The present invention also claims to protect the application of the above-mentioned Klebsiella P5 in dissolving insoluble phosphorus in plant rhizosphere soil.

Preferably, the insoluble phosphorus is inorganic phosphorus and/or organic phosphorus.

The present invention also claims to protect the application of the above-mentioned Klebsiella P5 in increasing the content of available phosphorus in plant rhizosphere soil.

The present invention also claims the application of the above-mentioned Klebsiella P5 in the preparation of a preparation for promoting plant growth.

The present invention also claims to protect the application of the above-mentioned Klebsiella P5 in the preparation of a preparation for improving plant height.

The present invention also claims to protect the application of the above-mentioned Klebsiella P5 in the preparation of a preparation for increasing the dry weight of plants.

The present invention also claims to protect the application of the above-mentioned Klebsiella P5 in the preparation of a preparation for increasing the nitrogen content of plants.

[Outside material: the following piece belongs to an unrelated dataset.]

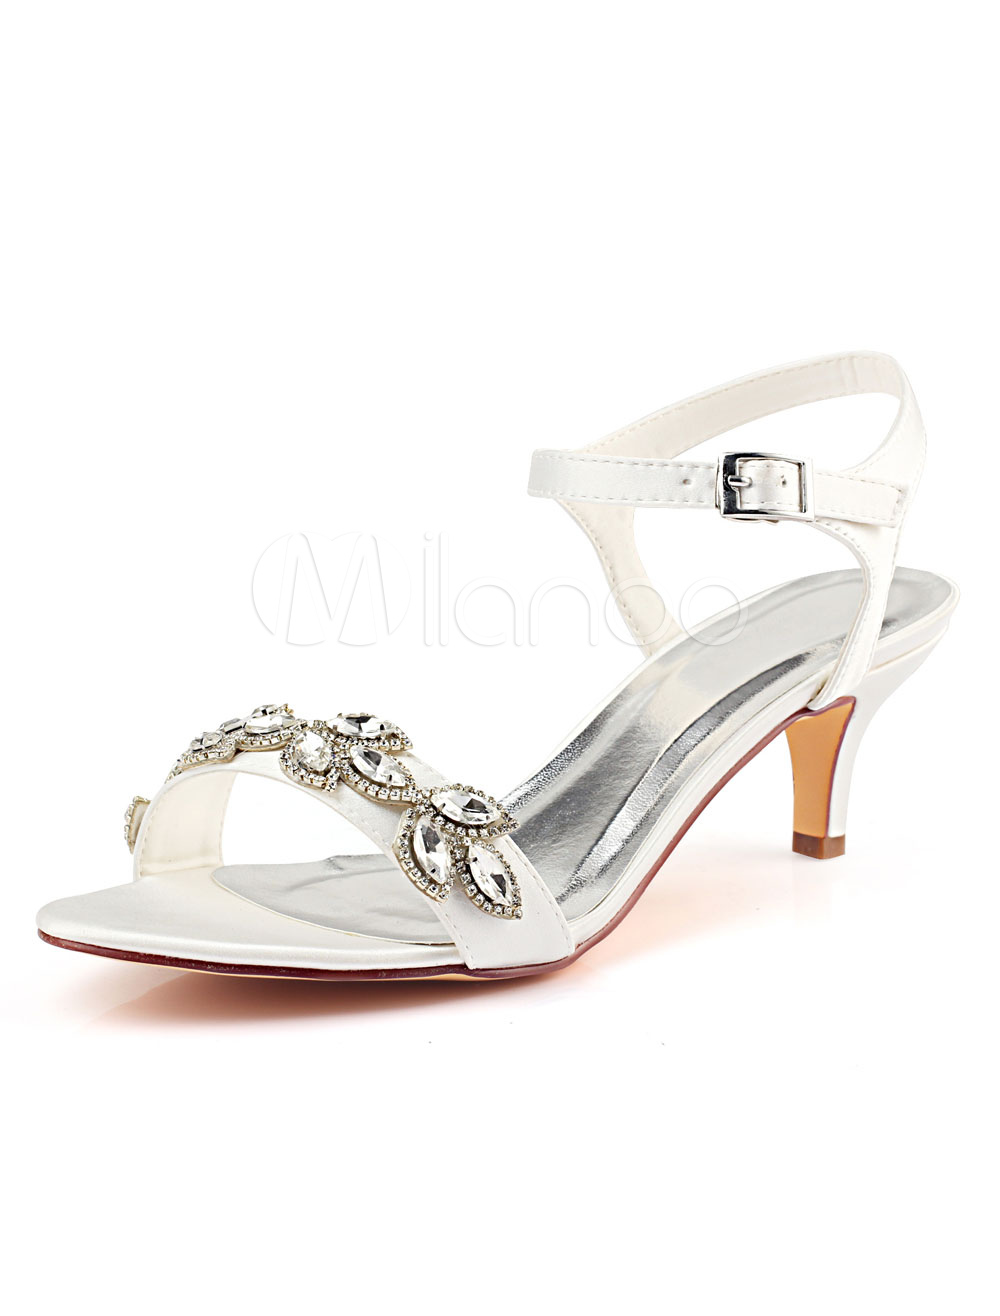 b012e8edf71 Satin Wedding Shoes Ivory Open Toe Rhinestones Kitten Heel Bridal Shoes  Mother Shoes

The present invention also claims to protect the application of the above-mentioned Klebsiella P5 in the preparation of a preparation for increasing the phosphorus content of plants.

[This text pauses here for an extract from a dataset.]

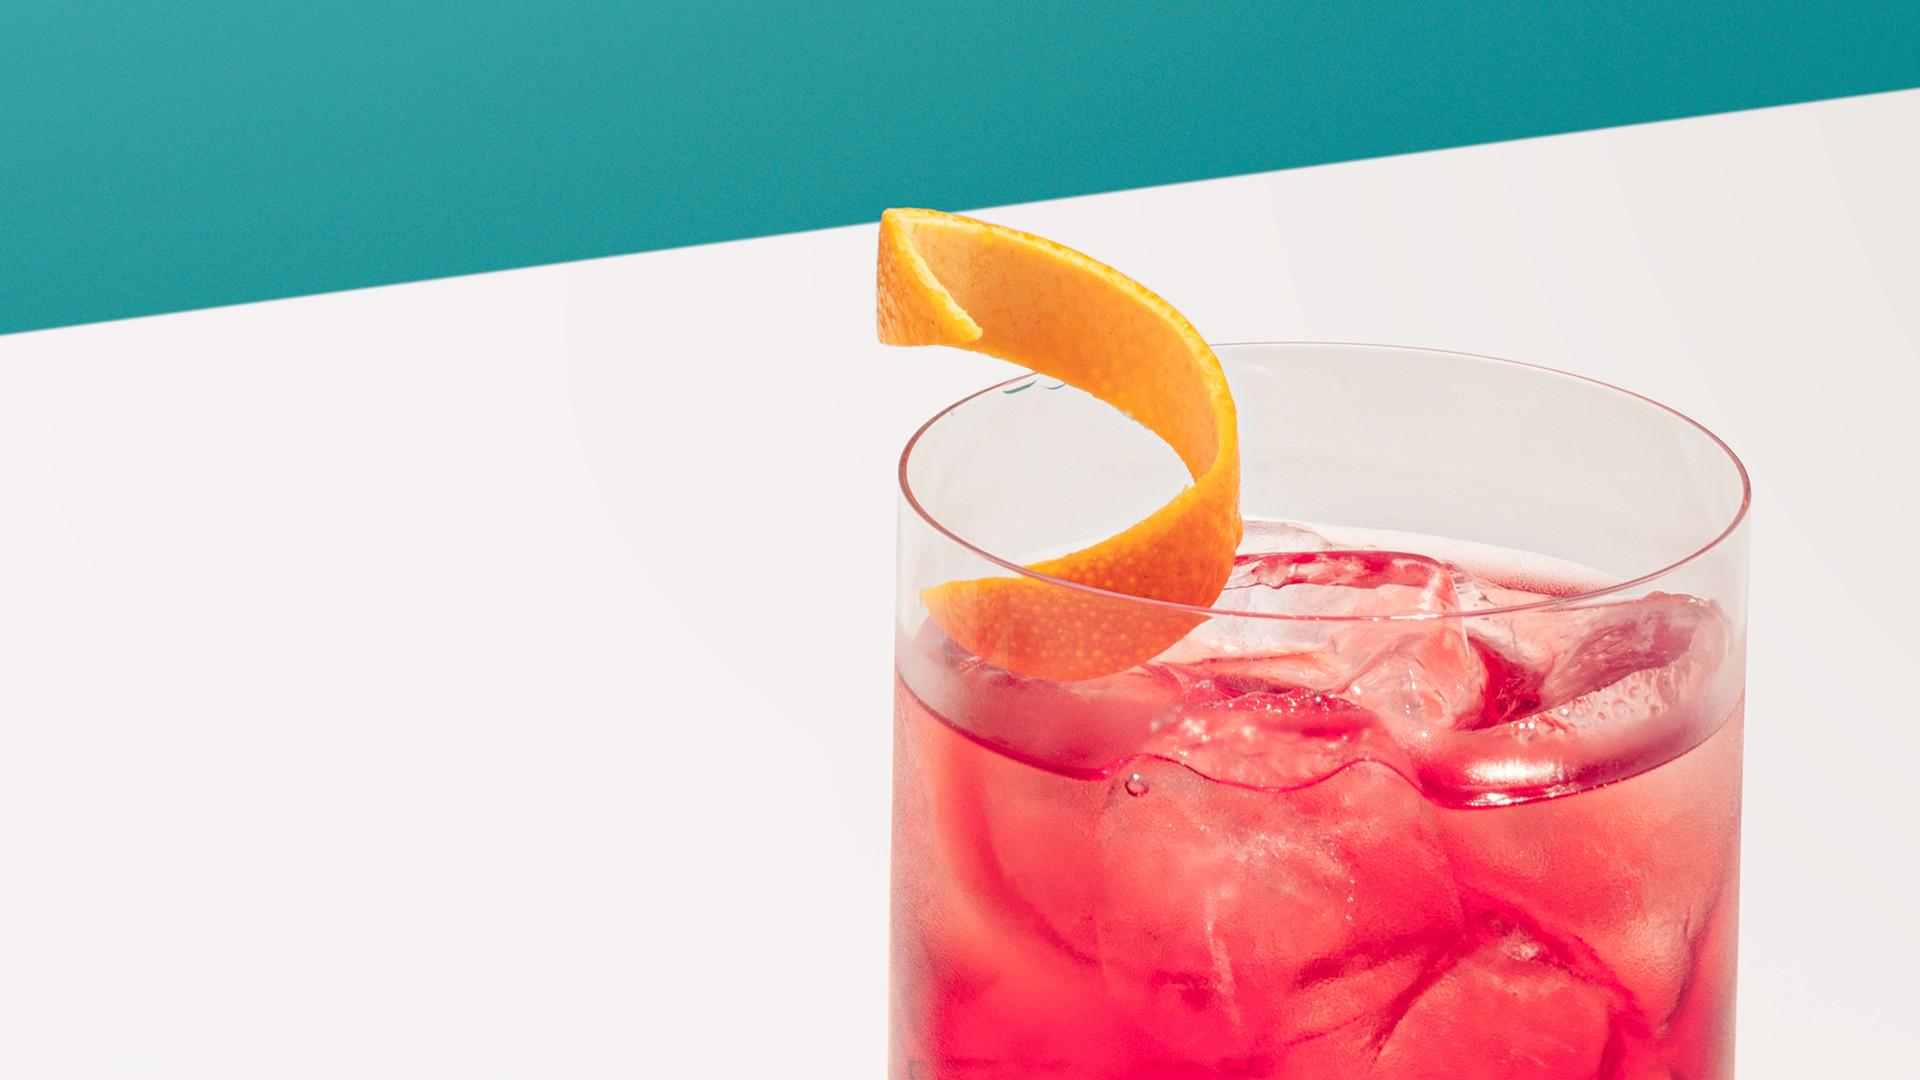 No.3 Gin negroni recipe

More preferably, the plant is wheat.

Compared with the prior art, the present invention has the following beneficial effects:

The present invention isolates a phosphorus-dissolving bacteria P5 from the wheat rhizosphere soil, and identifies it as Klebsiella sp. CCNWSX1902 through morphological, physiological and biochemical characteristics and genetic identification. The strain can effectively dissolve the insoluble phosphorus in the rhizosphere soil of plants, can greatly increase the content of available phosphorus in the soil, improve the utilization rate of phosphorus in the soil by plants, and then promote plant growth, reduce the use of chemical fertilizers, and improve crops. Yield is of great significance in agricultural production.

Description of drawings

Figure 1 shows the phosphate solubilization circle formed by strain P5.

Figure 2 is a phylogenetic tree of strain P5.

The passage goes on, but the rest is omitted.